TASK TO CARRY OUT
Pictures must not appear in the copy. Set down exactly the line with "Seminar: VFD-Geländerittführer" and each line after it through the end of the data below.

SOURCE MATERIAL
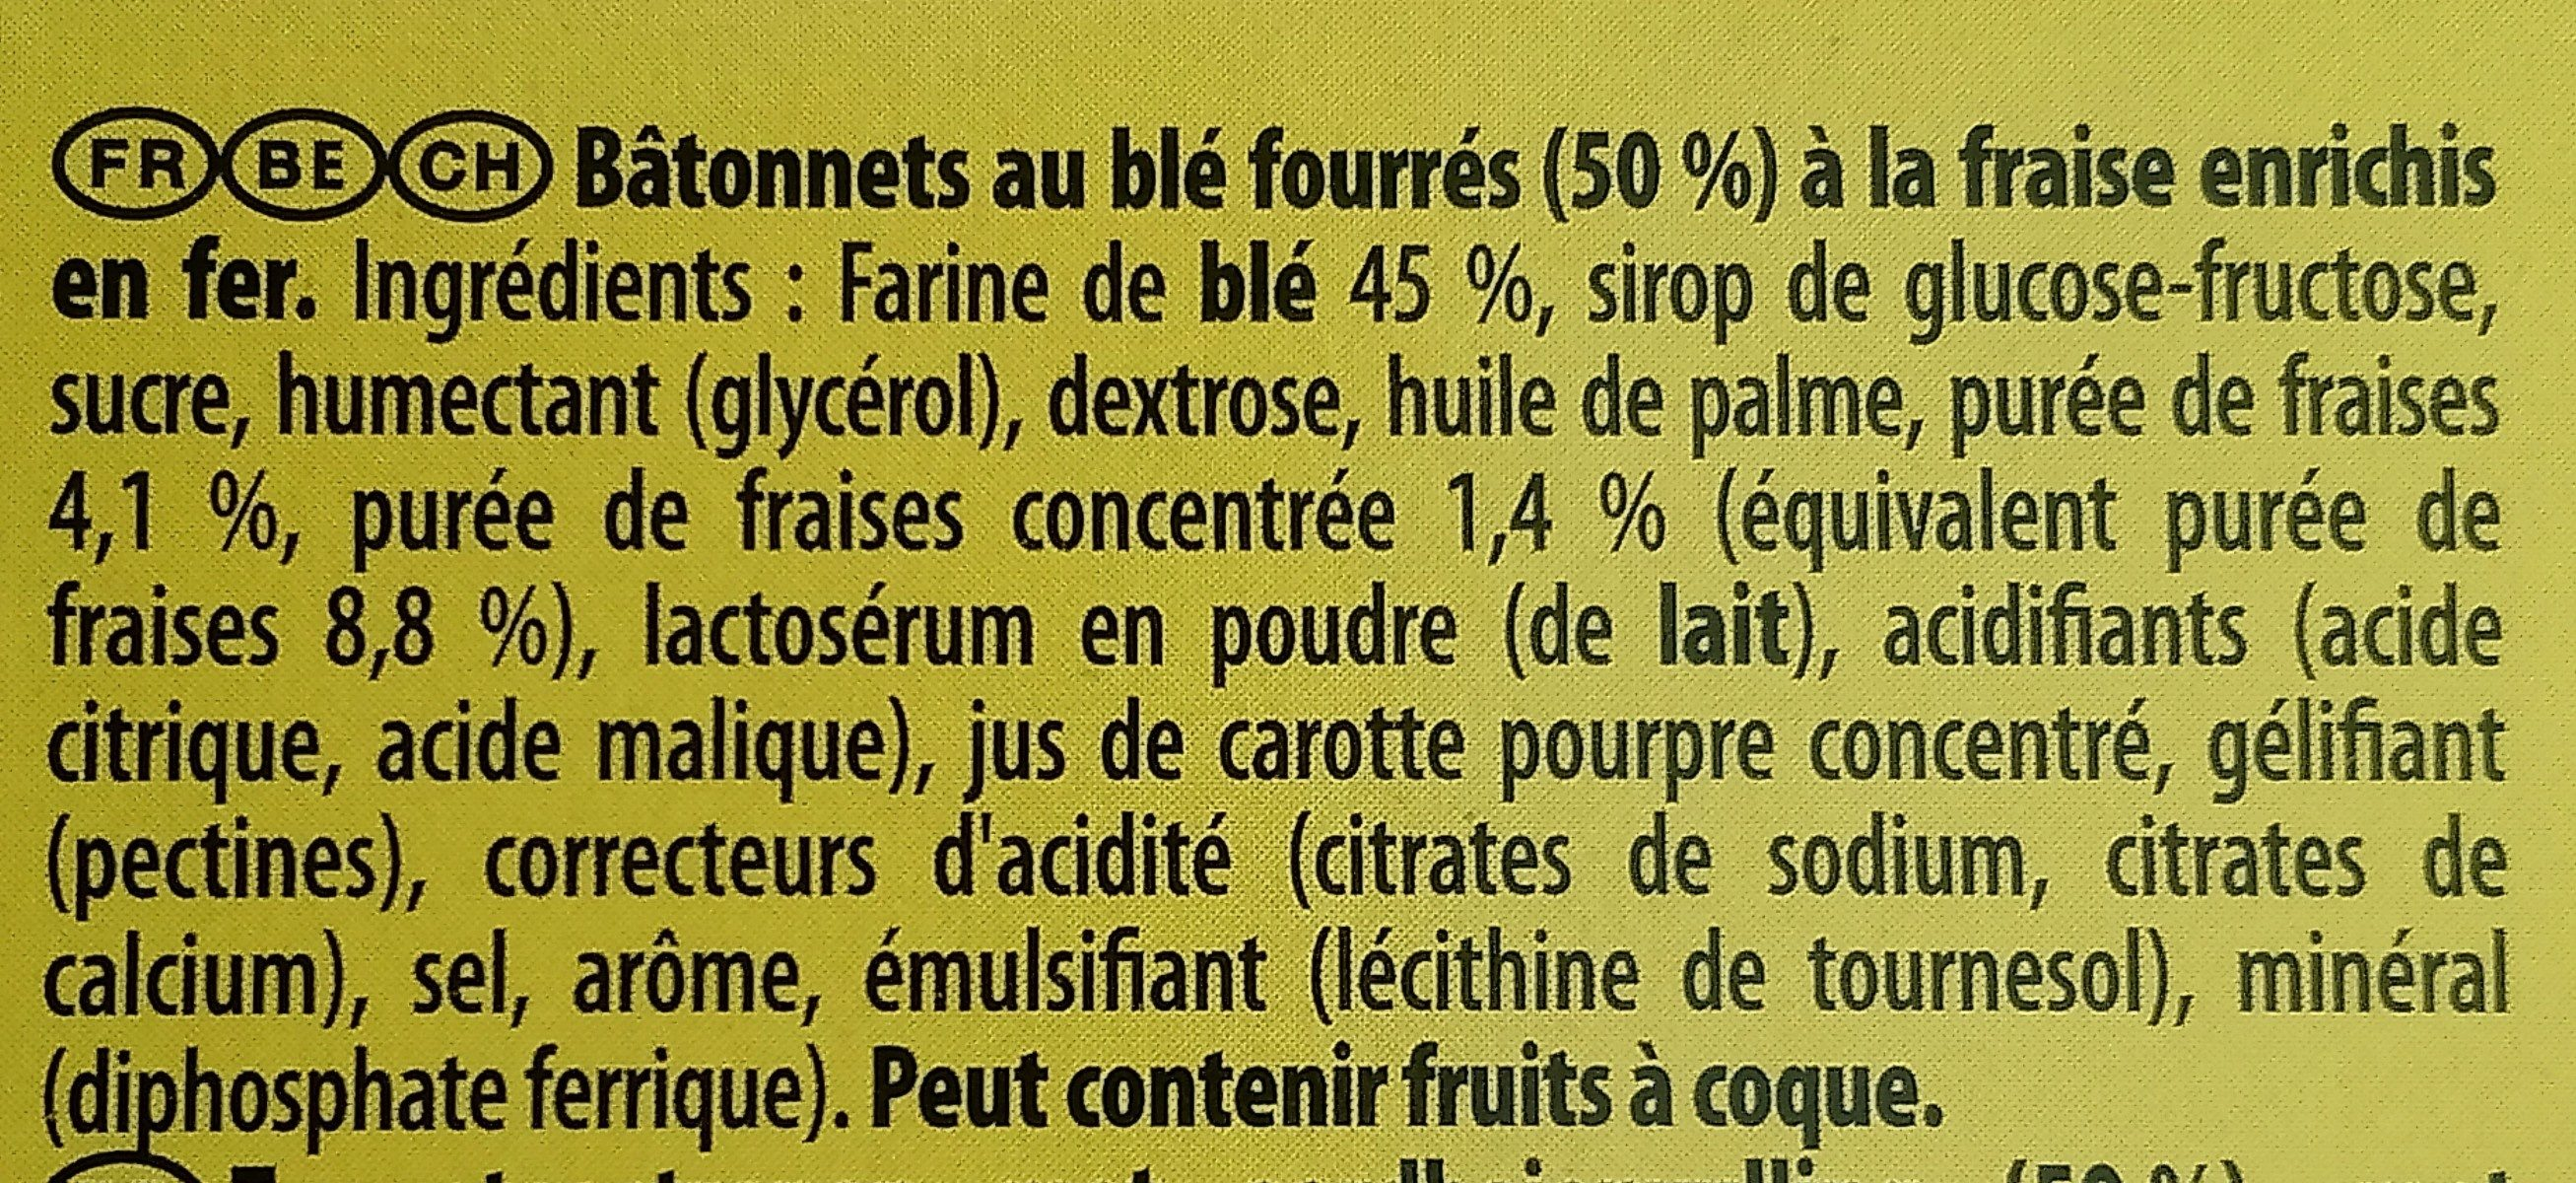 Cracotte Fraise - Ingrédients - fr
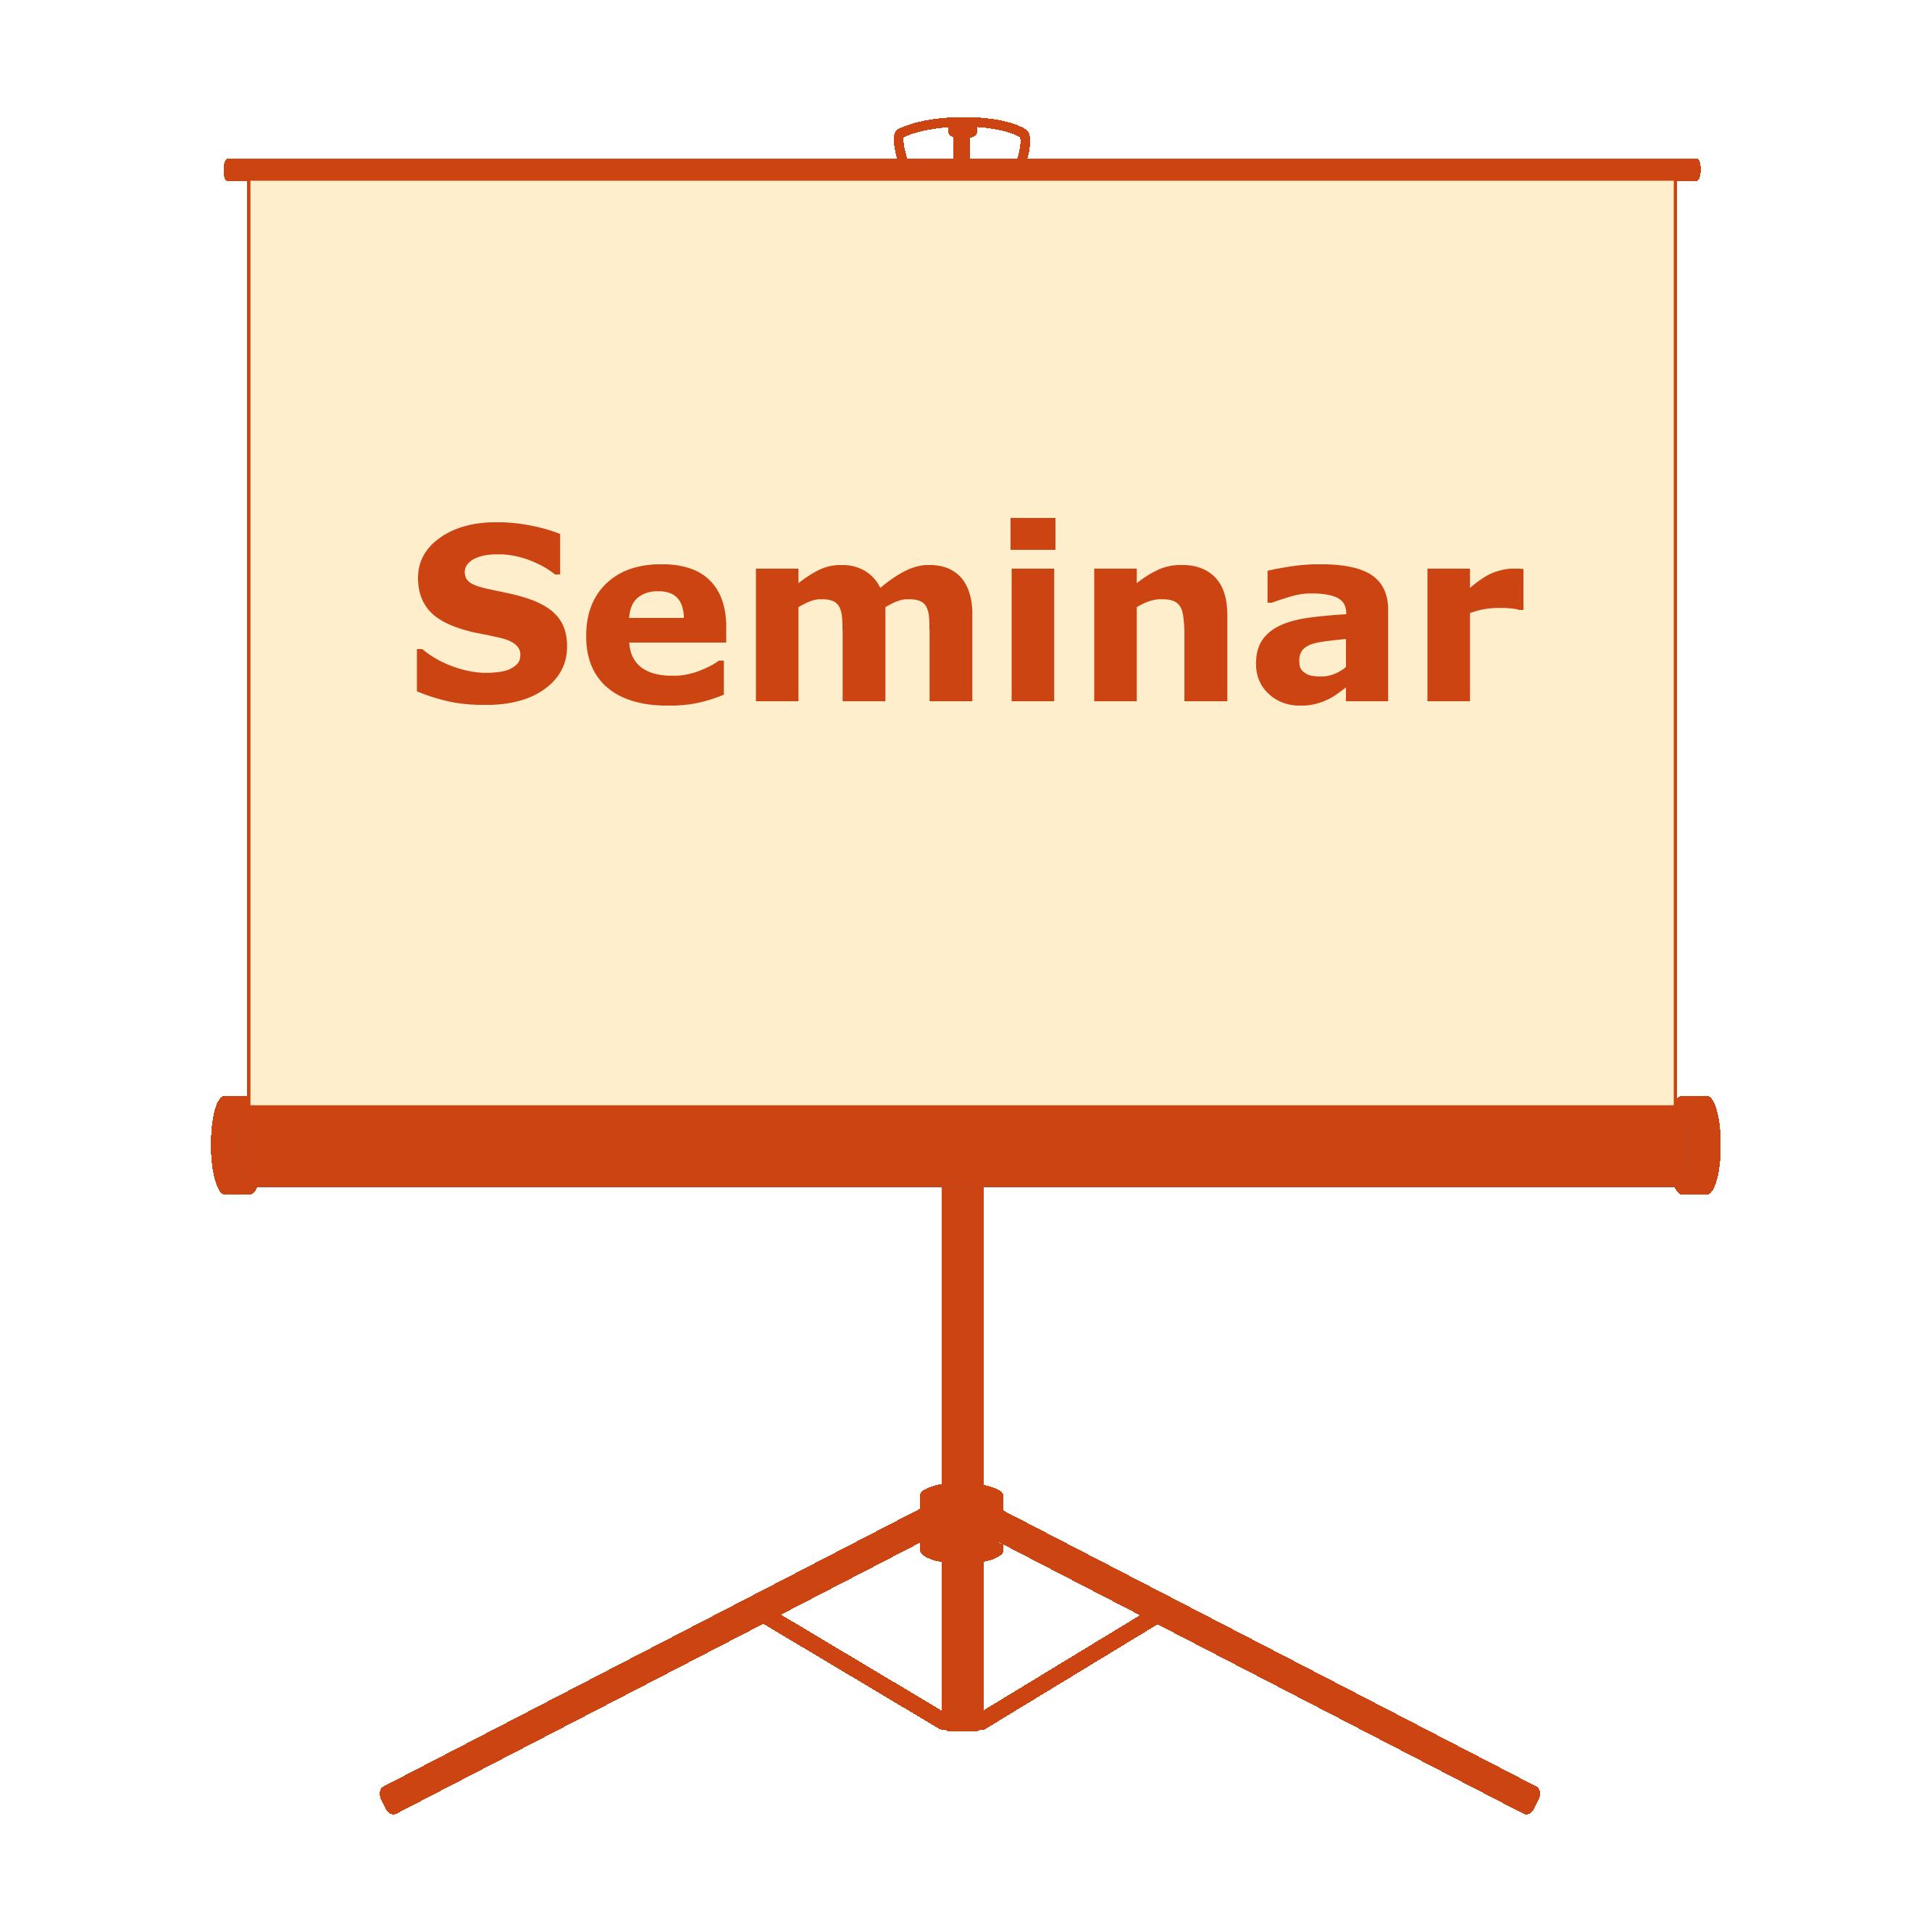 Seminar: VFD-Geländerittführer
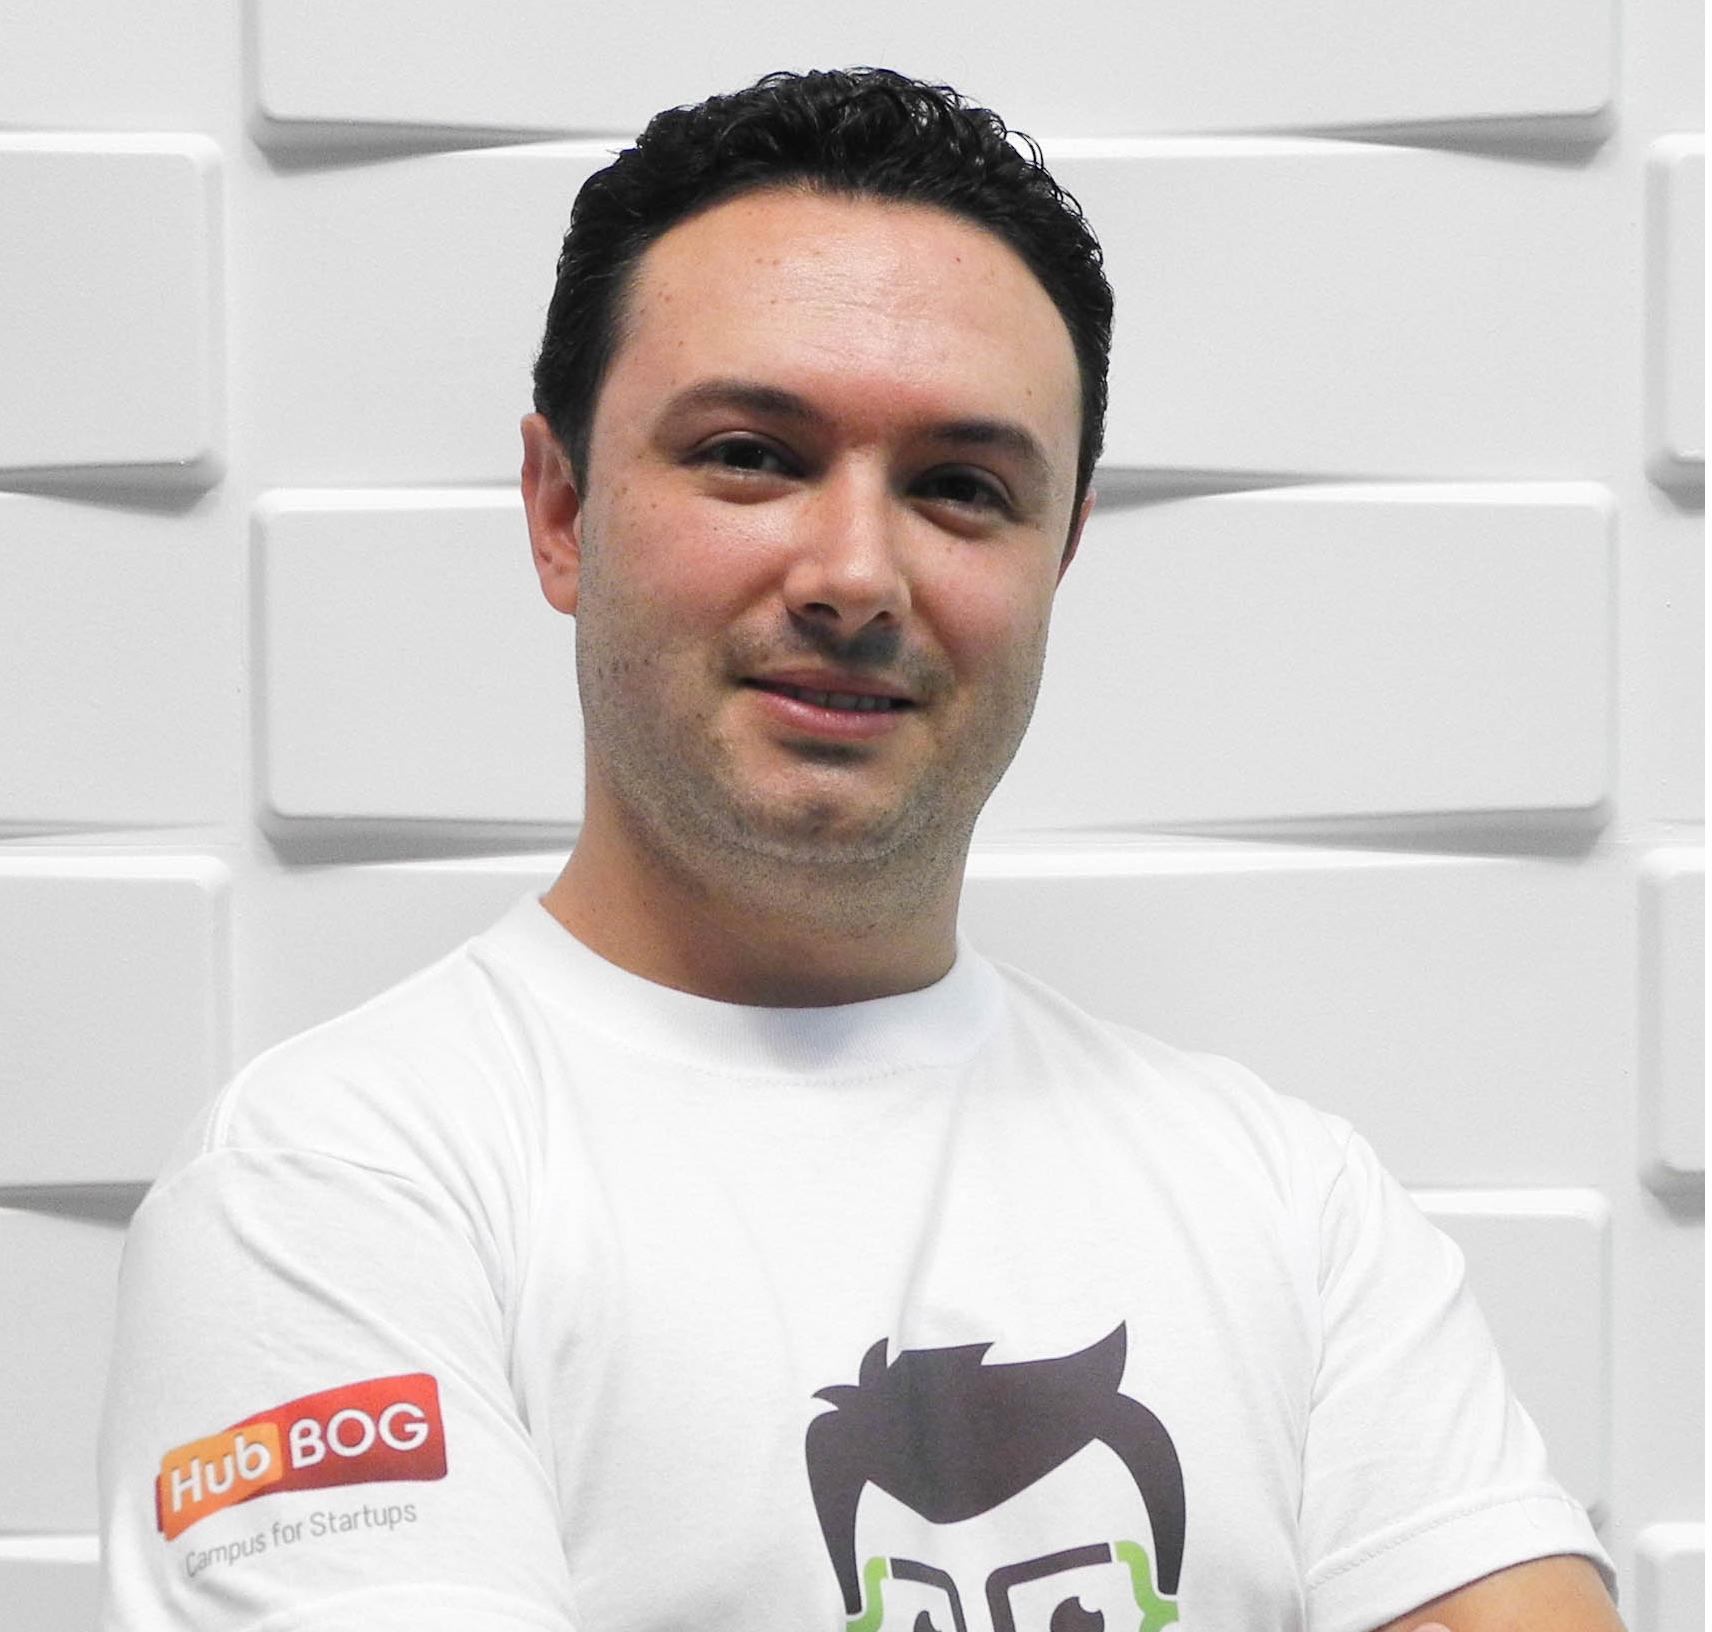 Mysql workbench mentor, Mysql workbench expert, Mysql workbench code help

EXERCISE RESPONSE
 Seminar: VFD-Geländerittführer
 Mysql workbench mentor, Mysql workbench expert, Mysql workbench code help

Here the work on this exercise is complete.